Revocable Proxy — Heritage Financial Corporation
Annual Meeting of Shareholders — May 3, 2022
THIS PROXY IS SOLICITED BY THE BOARD OF DIRECTORS
The undersigned hereby appoints Brian L. Vance and Brian S. Charneski, and each of them, with full powers of substitution to act as attorneys and proxies for the undersigned, to vote all shares of common stock of Heritage Financial Corporation (the “Company” or “Heritage”) which the undersigned is entitled to vote at the annual meeting of shareholders, to be held virtually on Tuesday, May 3, 2022, at 9:00 a.m., Pacific Time, and at any and all adjournments thereof, as stated on the reverse side.
This proxy also provides voting instructions to the trustees of the Heritage Financial Corporation 401(k) Profit Sharing Plan and Trust for participants with shares allocated to their accounts.
This proxy will be voted as directed, but if no instructions are specified, this proxy will be voted FOR the election of the nominees listed in Proposal 1 and FOR Proposals 2 and 3. If any other business is presented at such meeting, this proxy will be voted by the proxies named above in their best judgment.
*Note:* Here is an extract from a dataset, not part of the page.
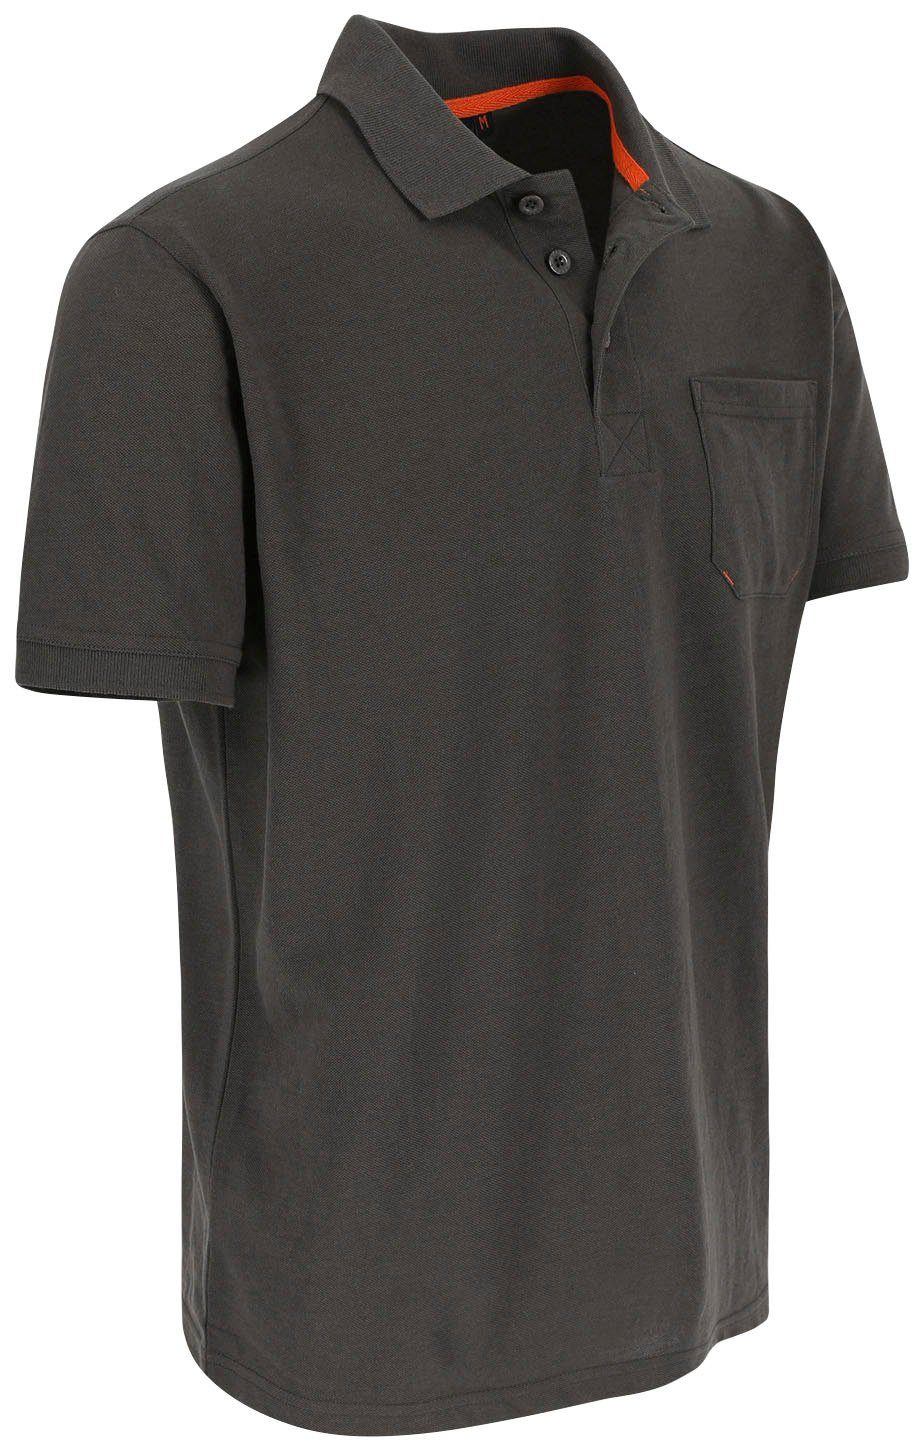 1 verschiedene Herock Leo Poloshirt Farben Polohemd Kurzärmlig grau Brusttasche, Bündchen, Rippstrick-Kragen und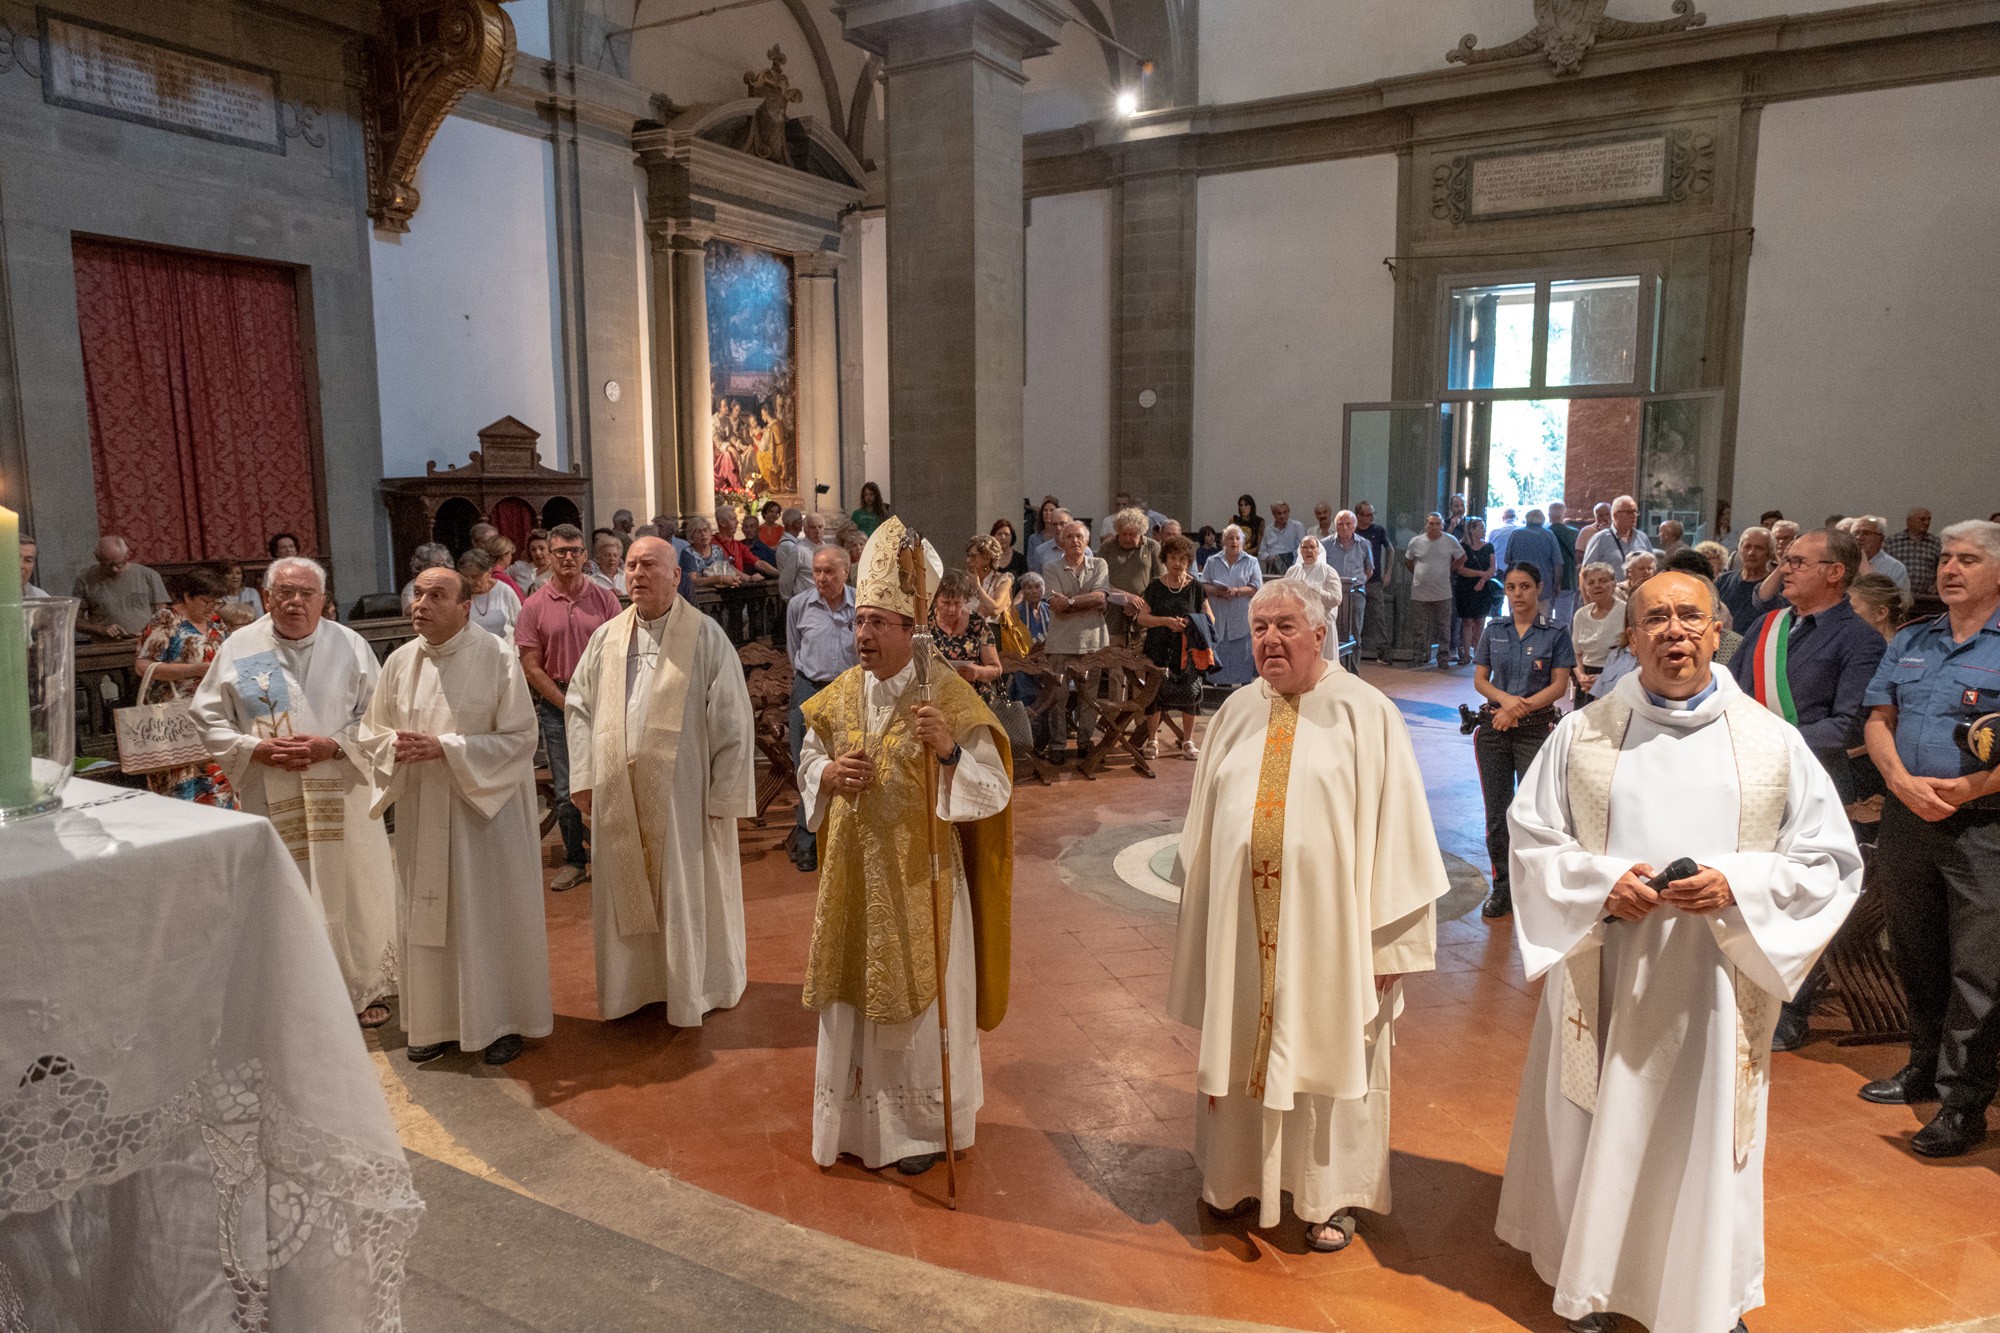 La bella festa  parrocchiale dell'otto settembre a Santa Maria Nuova

At the present time, the Board of Directors knows of no other business to be presented at the annual meeting. This proxy also confers discretionary authority on the proxies named above to vote with respect to the election of any person as director where the nominees are unable to serve or for good cause will not serve and matters incident to the conduct of the annual meeting.
Should the undersigned be present and elect to vote at the annual meeting or at any adjournment thereof and after notification to the Secretary of the Company at the annual meeting of the shareholder’s decision to terminate this proxy, then the power of said attorneys and proxies shall be deemed terminated and of no further force and effect.
The undersigned acknowledges receipt from the Company prior to the execution of this proxy of the Notice of Annual Meeting of Shareholders, a Proxy Statement dated March 18, 2022, and the 2021 Annual Report to Shareholders.
PLEASE COMPLETE, DATE, SIGN AND MAIL THIS PROXY PROMPTLY IN THE ENCLOSED POSTAGE-PREPAID ENVELOPE.